The Beatle-esque Remnants of Shields gets things back on course, its enthralling melodic haze of keys and strummed elegance a potent suasion behind the ever impressive vocals of Hurtgen. Encasing ears and thoughts in a balmy enchantment it simmers and impresses before the outstanding Fictions casts another addictive and emotionally arousing captivation. Keys and melodies wrap the listener in beguiling endeavour from start to finish but allow plenty of room for feisty rhythms and fiery sonics to add their fascination to the seduction.
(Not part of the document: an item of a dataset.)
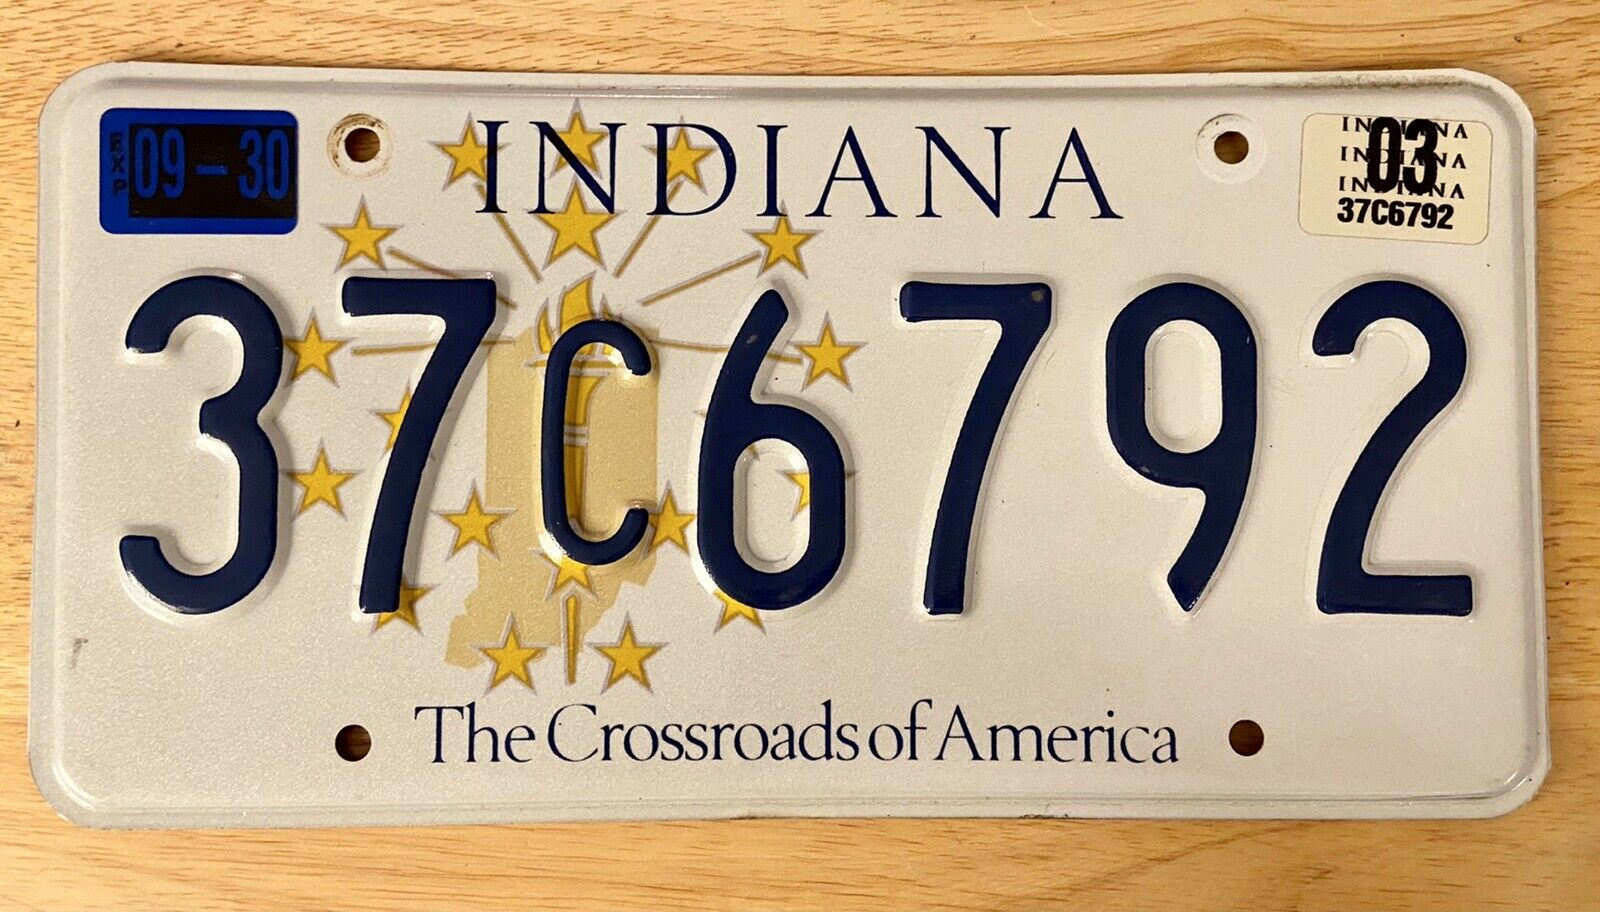 Indiana Car Auto License Plate 37C6792, Crossroads Of America, embossed aluminum
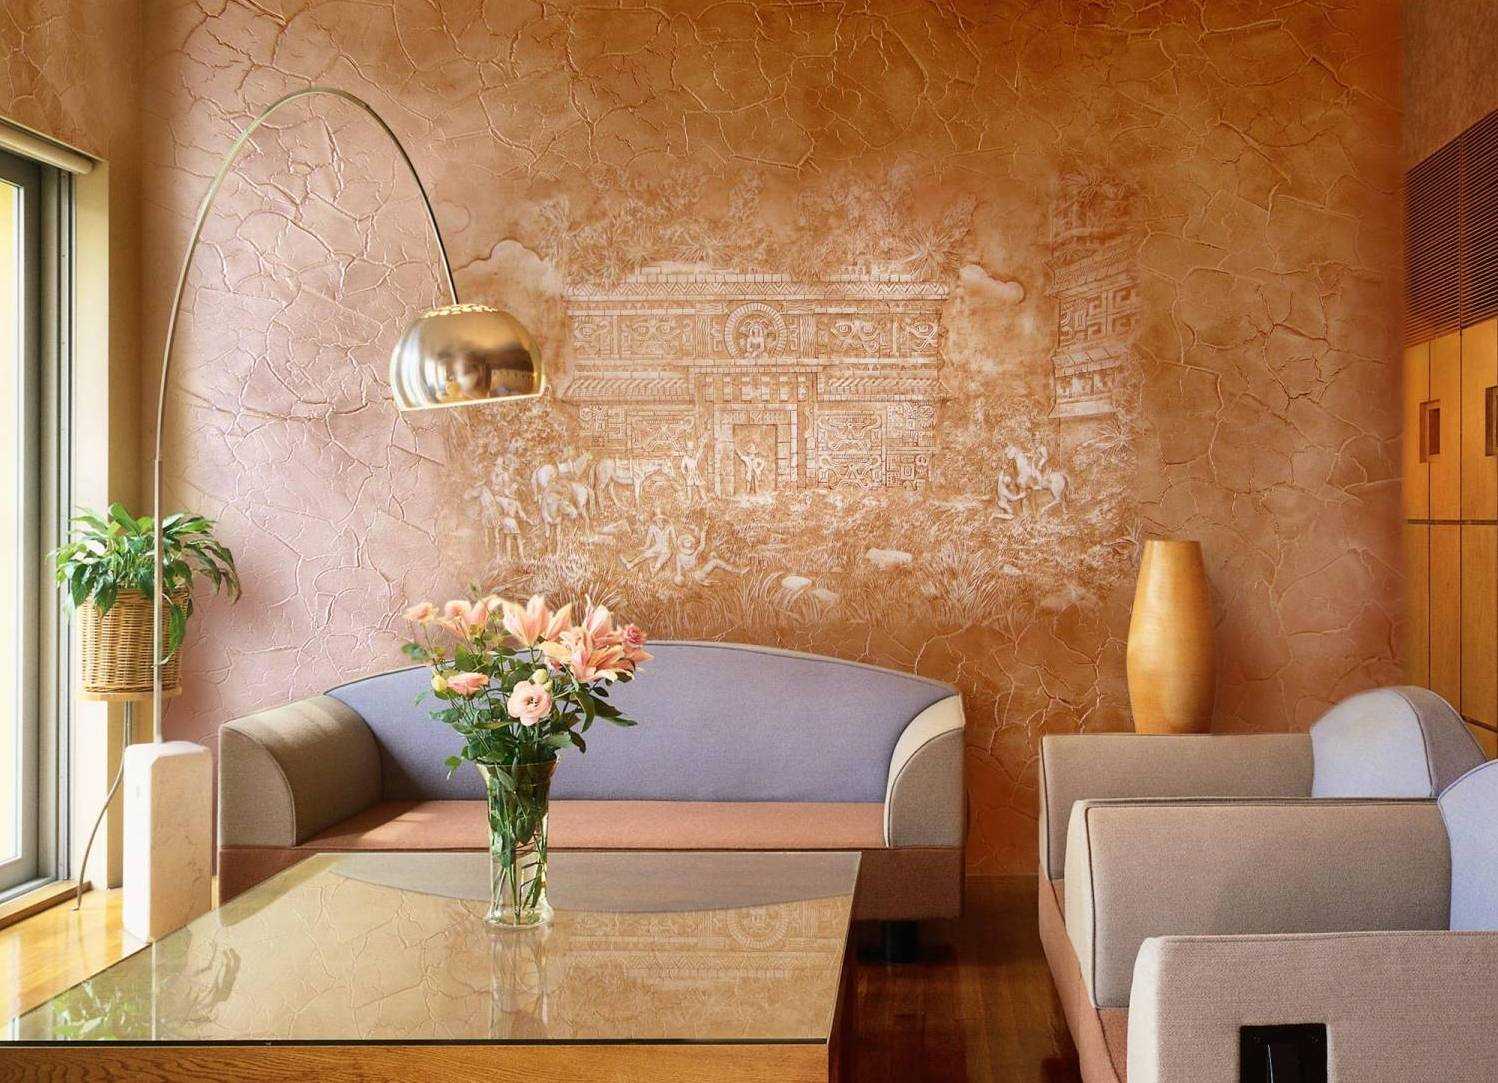 dzīvokļa modernā dekora versija ar dekoratīvu rakstu uz sienas

The album is completed by firstly the melodically lively, atmospherically smouldering Primary Colors and finally the compelling One of your Kind, the first a strong but another encounter wary of rousing passions and the last a thrilling evocation which makes a slow and decent enough impression for its initial third before erupting into a slightly bewildering but wholly riveting and exciting imagination igniting emprise. It makes for a striking end to a similarly impacting album, a release it is easy to use to suggest that Perfect Beings has all the skills and imagination to create masterpieces ahead, triumphs to even convince the more demanding and resistant obstacles some of us unintentionally offer up.
Perfect Beings is released June 30th via My Sonic Temple.